The classical material conditional is given a truth-functional definition that can be determined with truth-tables. Intuitionistic implication is a kind of strict implication that can be translated to S4 modal logic via □(A′→B′) where A′ and B′ are the translations of formulas A and B of Intuitionism to corresponding formulas in classical S4. The full translation can be found here: https://en.m.wikipedia.org/wiki/Modal_companion
Going with the same translation, if we add ¬¬A→A to Intuitionism, we get Classical Propositional Logic, even though the corresponding frame condition is Euclidean, as opposed to reflexive and functional. This is due to the fact that propositional atoms obey the heredity condition:
If w is a world and p a propositional atom, then for any world v such that w≤v, if w⊩p, then v⊩p. This corresponds to the fact that the translation of a propositional atom p of Intuitionism gets mapped to □p in S4.
If the heredity principle is removed, then it seems the only way to get a “strict” implication out of Classical Logic is to translate a formula A of Classical Propositional Logic to a formula A’ of the modal logic known as K=, also known as Triv.
I know that both S5 and Triv are strong systems, but technically one can interpret classical implication via one of these systems, depending on whether or not the heredity principle is assumed.

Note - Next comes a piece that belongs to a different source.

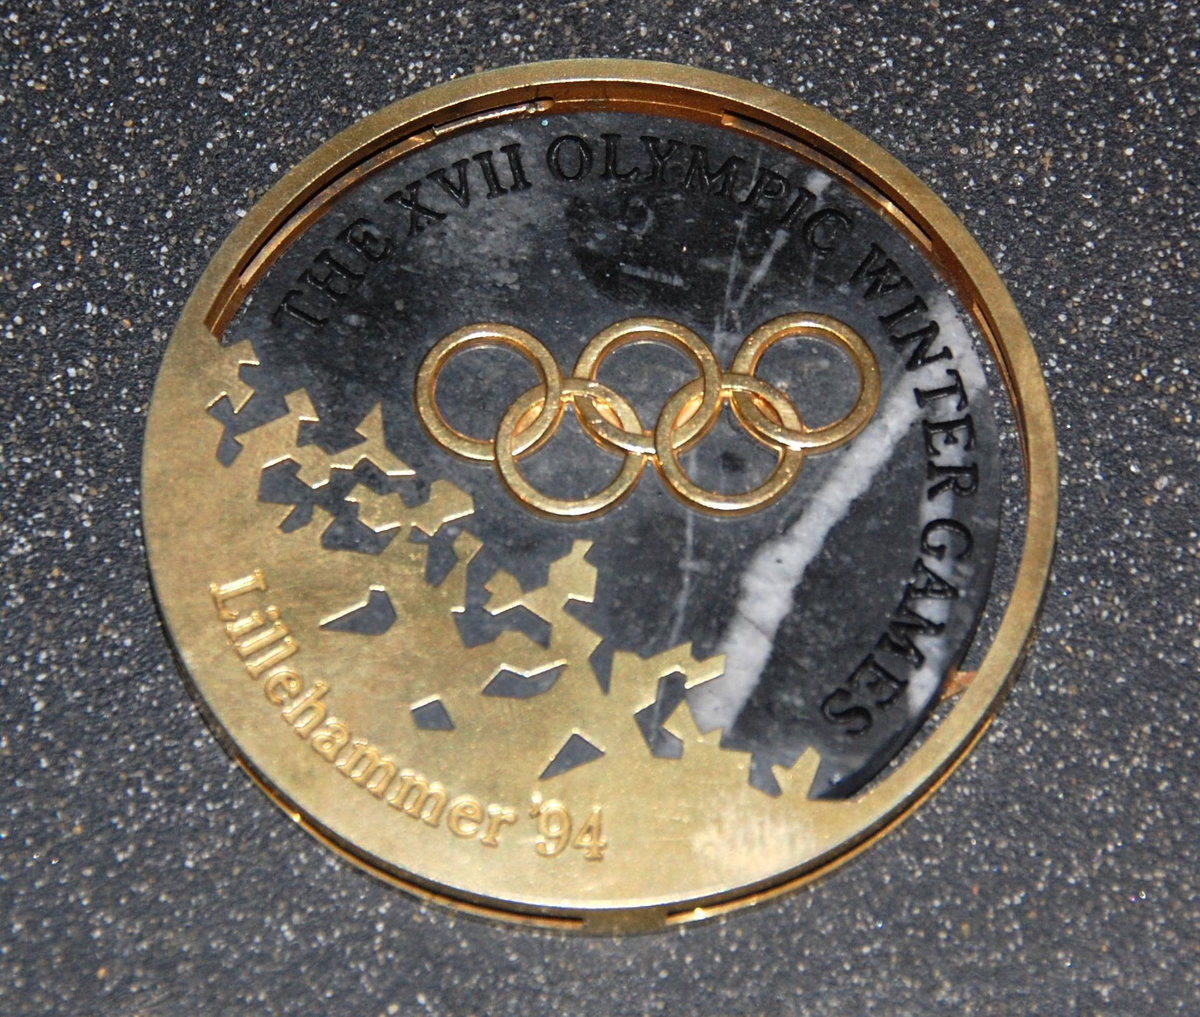 Medalje av metall og stein. På den ene siden er det motiv av de olympiske ringene over krystallmønster. På den andre siden er det piktogram av en skøyteløper og emblemet for de olympiske vinterleker på Lillehammer i 1994. Medaljen er plassert på et stativ av granitt.

What are the philosophical motivations for discounting these modal companions from being seen as sufficient for formalizing strict implication? If strict implication simpliciter is just some implication of the form □(A→B), then it seems like one could just define material implication as a strict implication, and abandon truth tables for being too simplistic or for not being able to account for infinitely many valuations/worlds. I understand that strict implication was developed to prevent some of the oddities of material implication; I guess my question is whether or not it even makes sense to consider modal companions that validate the classical material conditional as a strict conditional, and if so, then where and why is the line drawn?